22 Verletzte bei Zusammenstössen zwischen Kurden und Türken in Bern: Neues Video zeigt die Szenen vor der Amokfahrt

Am Samstagnachmittag ist es nach einer Kundgebung zu gewalttätigen Auseinandersetzungen zwischen Kurden Türken gekommen. Dabei wurden fast zwei Dutzend Personen verletzt. Eine längere Version des Videos von gestern zeigt, was vor der Amokfahrt abgelaufen ist. 

13.09.15, 12:01 13.09.15, 14:25

Als sich am Samstag Sympathisanten von Erdogans Regierungspartei in Bern zu einer offiziell bewilligten Kundgebung versammelten, startete eine Gruppe Kurden eine unbewilligte Gegendemonstration. Die Kantonspolizei versuchte die beiden Gruppierungen zu trennen, doch es kam zu gewaltsamen Auseinandersetzungen. Dabei fuhr ein Auto in eine Menschenmenge und verletzte fünf Personen. Insgesamt gab es 22 Verletzte, darunter fünf Polizisten, schreibt die Kapo Bern heute Sonntag in ihrem Communiqué.

Das Video von gestern: Ein Autofahrer rast in eine Menschenmenge.
Video: keystone

Eine längere Version des gestern veröffentlichten Videos zeigt, was sich vor der Amokfahrt abgespielt hat:

Am Rande der Demonstration kam es in der Innenstadt immer wieder zu Prügeleien, wie hier (unverifizierte Quelle)
Facebook

Warum wurde die Demonstration erlaubt?

Warum wurde die Demonstration erlaubt? «Grundsätzlich hat jeder das Recht auf eine Kundgebung», sagt Polizeiinspektor Marc Heeb aus Bern auf Anfrage von watson. «Solange der Bund eine Gruppierung nicht offiziell verbietet, haben wir keine gesetzliche Grundlage, ein Gesuch abzulehnen.» Doch auch die Polizei muss grünes Licht für eine Kundgebung geben. 

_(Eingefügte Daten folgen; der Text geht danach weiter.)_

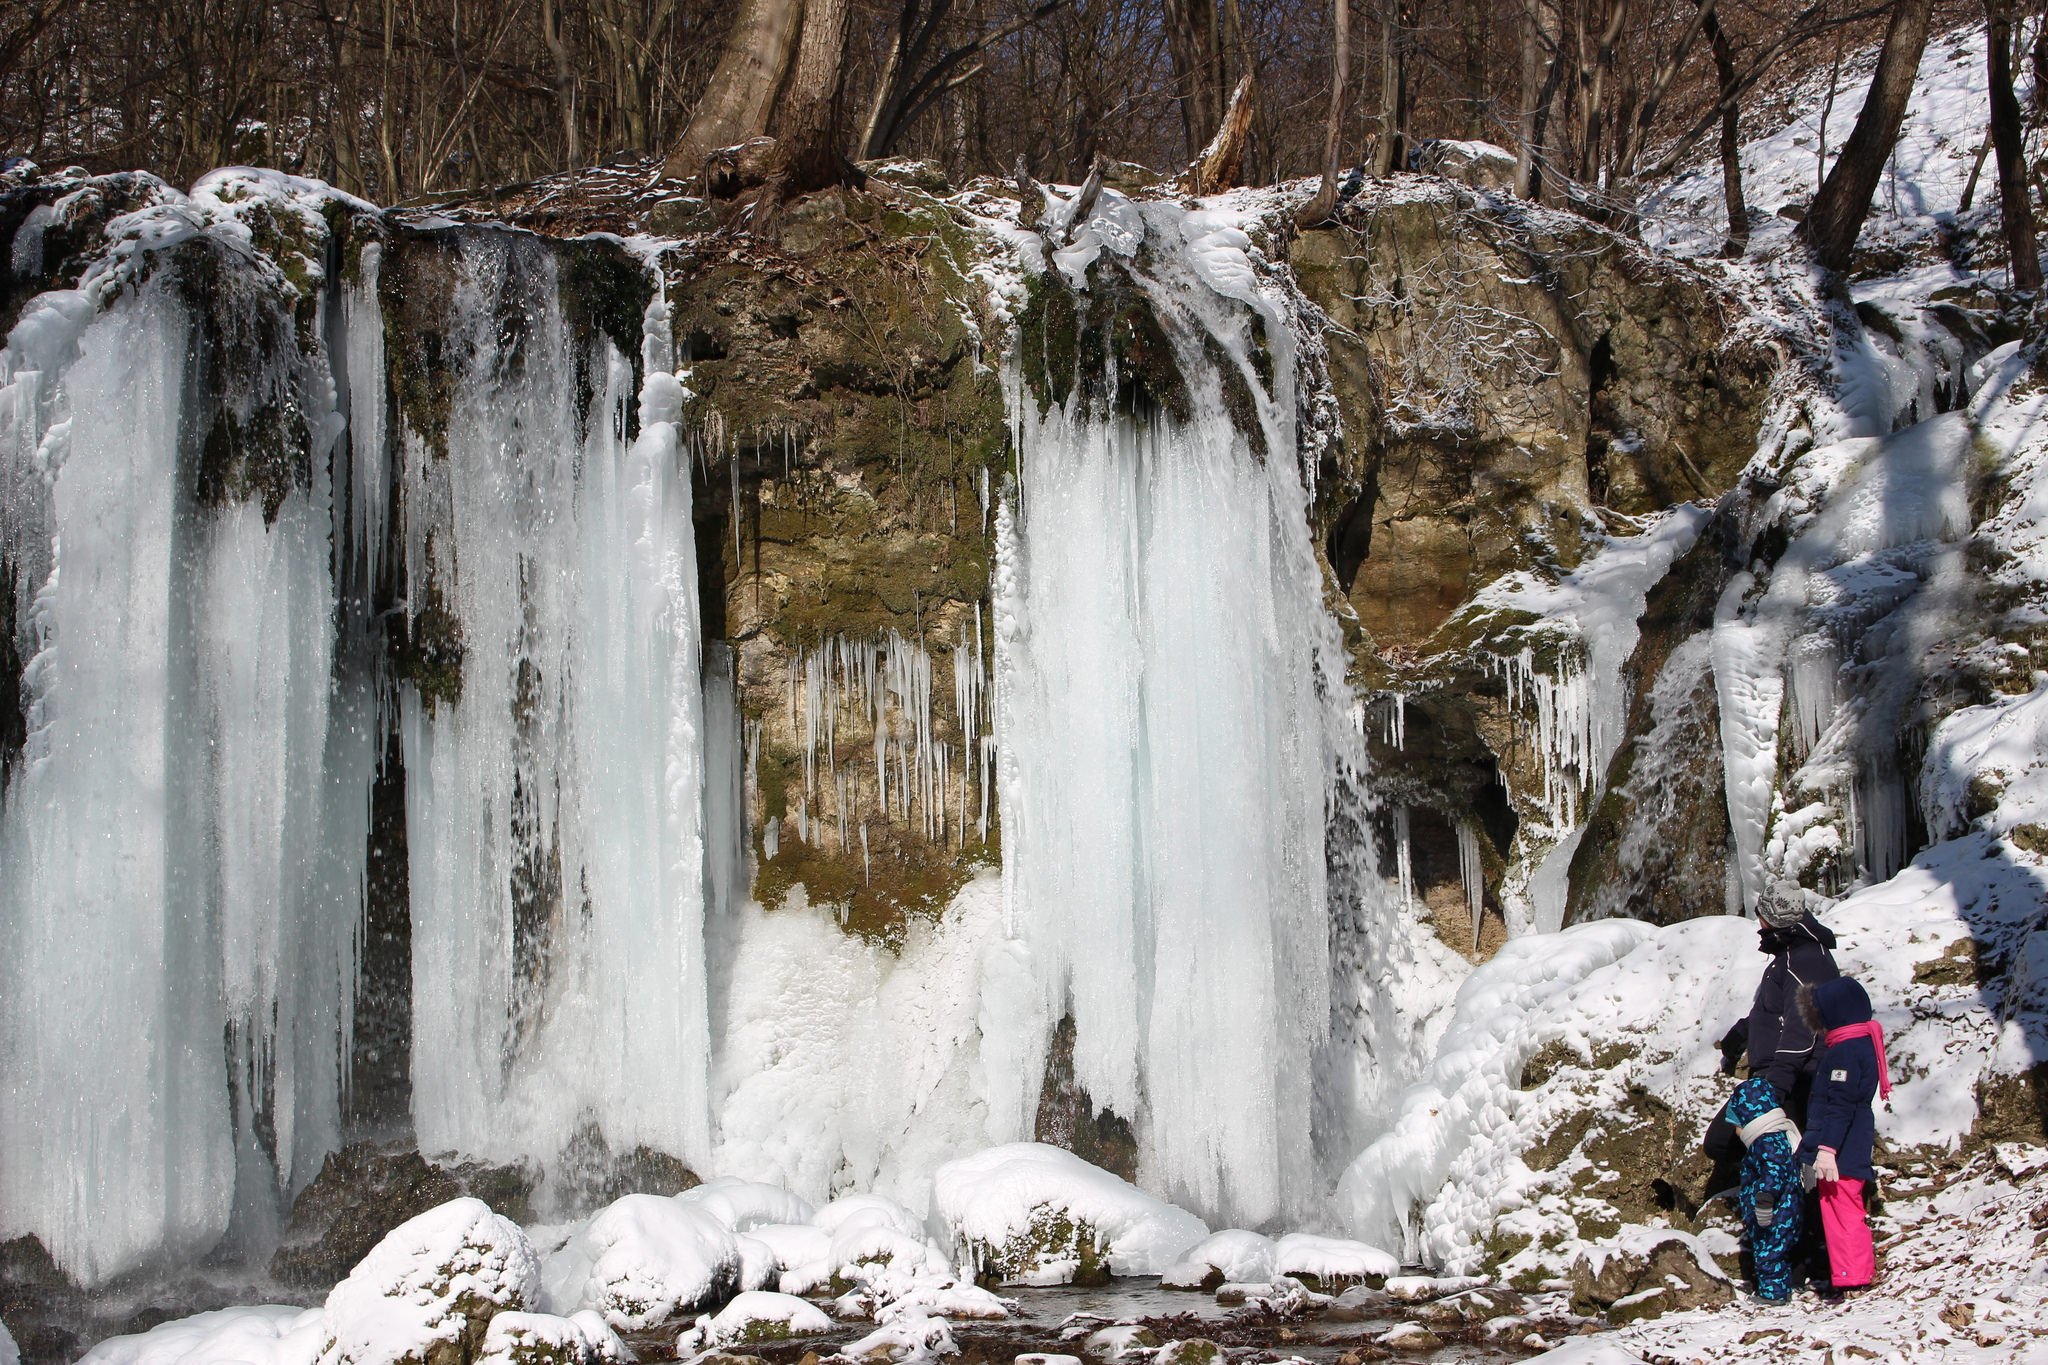 Hájske waterfalls, Slovak Karst National Park, Slovakia – 04

«Die Kantonspolizei Bern hatte keine Einwände, was die Sicherheit betrifft. Wir hatten erst letzte Woche eine Kundgebung von Kurden, bei der es zu keinen Zwischenfällen gekommen ist», so Heeb weiter. Es gebe aber den Grundsatz, dass Kundgebungen mit gegensätzlichen Ansichten nicht am selben Tag stattfinden dürfen. «Wir schauen dann, dass die Kundgebungen an verschiedenen Tagen durchgeführt werden.» (lhr)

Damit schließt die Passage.